Figure 1. Uptake characteristics of [177Lu]Lu-PSMA-617 changes after each cycle of treatment. Representative SPECT images and graphs of [177Lu]Lu-PSMA-617 activity in male BALB/cAnNRj nude mice. Maximum intensity projections using the NIH color scale windowed to best display kidneys with the top activity noted. Note that the Cycle 2 animal is the one with an outlier kidney. Annotations: k = kidney, and s = standard. (A) Sum of all frames of the dynamic scans immediately p.i. with 90–100 frames of 1 min. (B) Examples of [177Lu] Lu-PSMA-617 kinetics in kidneys as measured using dynamic SPECT imaging directly after injection. Percent of injected activity per gram of kidney (%IA/g) plotted. Chosen animals have typical distribution for their cycles except for the second cycle animal where the high uptake kidney is an outlier.

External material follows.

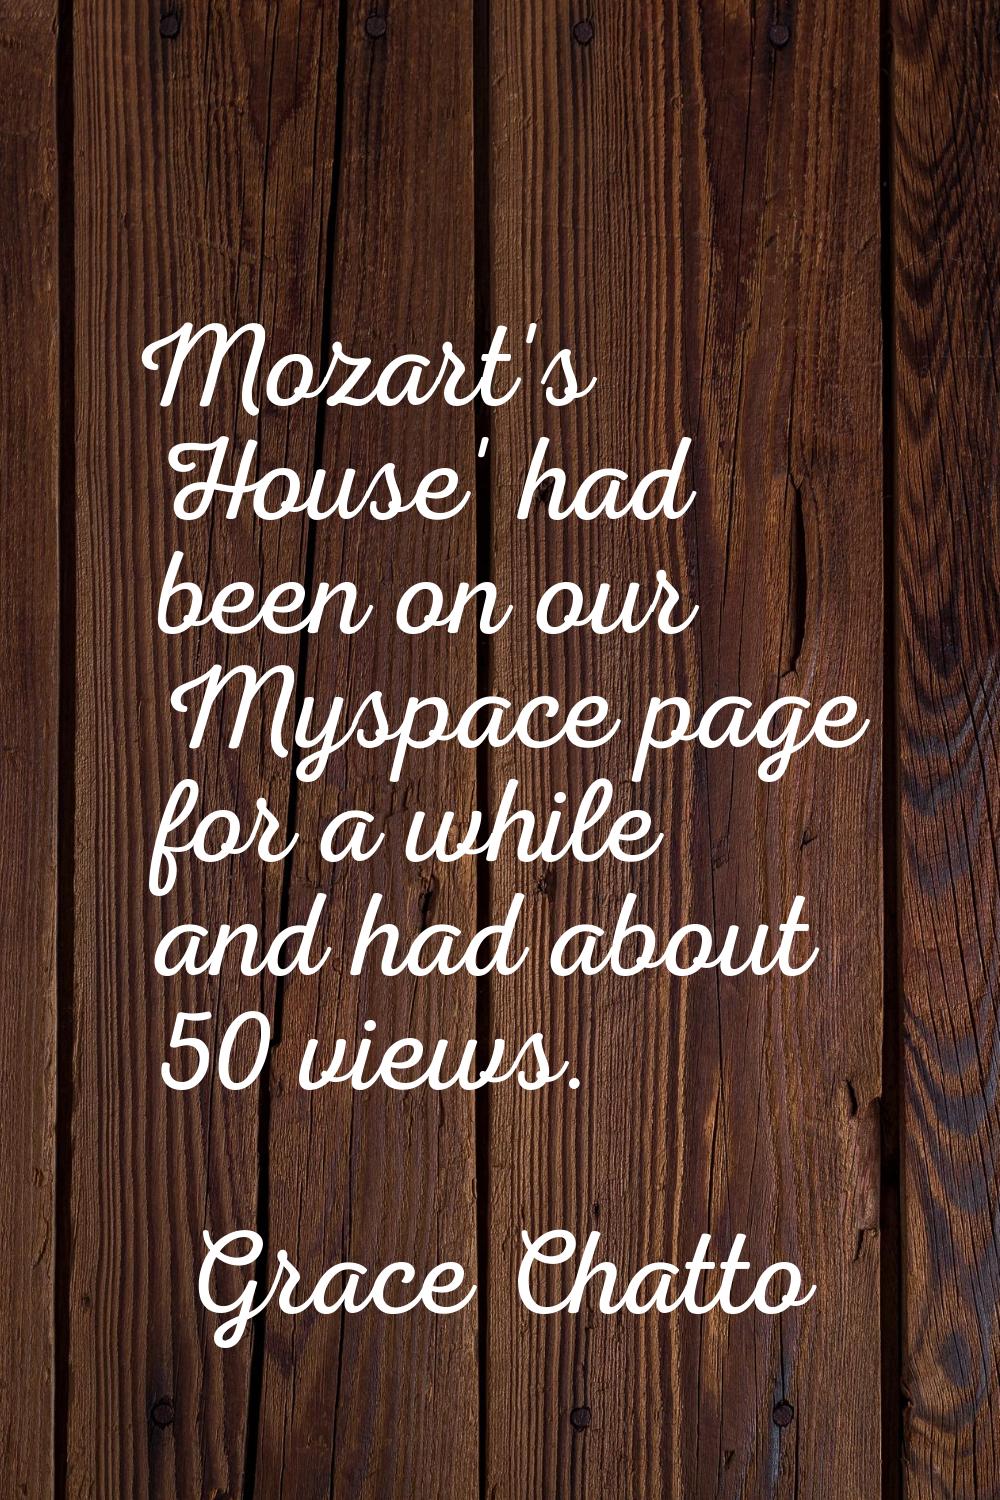 Mozart's House' had been on our Myspace page for a while and had about 50 views.

  • The absorbed dose per injected activity value calculated for each group was applied to the injected activities and the resulting absorbed doses for each cycle can be seen in Table 1

  • The post-cycle 3 imaging session at 135 days after the first injection revealed that the [177Lu]LuPSMA-617 + PBS group had higher mean and median accumulation than [177Lu]Lu- SMA-617 + rA1M, see Fig. 2D, at both time points. This indicates a slight protection effect from rA1M, but the difference was not statistically significant
  • significant increase of albumin/creatinine ratio in the [177Lu]Lu-PSMA-617 + PBS group compared to control group
  • The white blood cell counts (WBC) showed a significant drop 2 weeks after the first cycle in the [177Lu]LuPSMA-617 + PBS group that recovered after 3.5 weeks (Fig. 3A, supplementary S3–S4). The drop after the second cycle was significant in both groups compared to control mice. The WBC values did not reach the control levels again, neither after the second cycle nor after the third cycle
  • The third cycle resulted in a significantly lower levels of RBC after six weeks (Fig. 3B, D) in both groups receiving [177Lu]Lu-PSMA-617

In conclusion, treating mice with three cycles of 200 MBq of [177Lu]Lu-PSMA-617 gives detectable and non-transient nephrotoxicity and hematotoxicity. The high activity, multi treatment cycle design may provide a template for future studies of different types of toxicity and interventions designed to mitigate them. This study did not show a significant protective effect of rA1M but there are some indications of a preservative effect on pharmacokinetics that should be further investigated.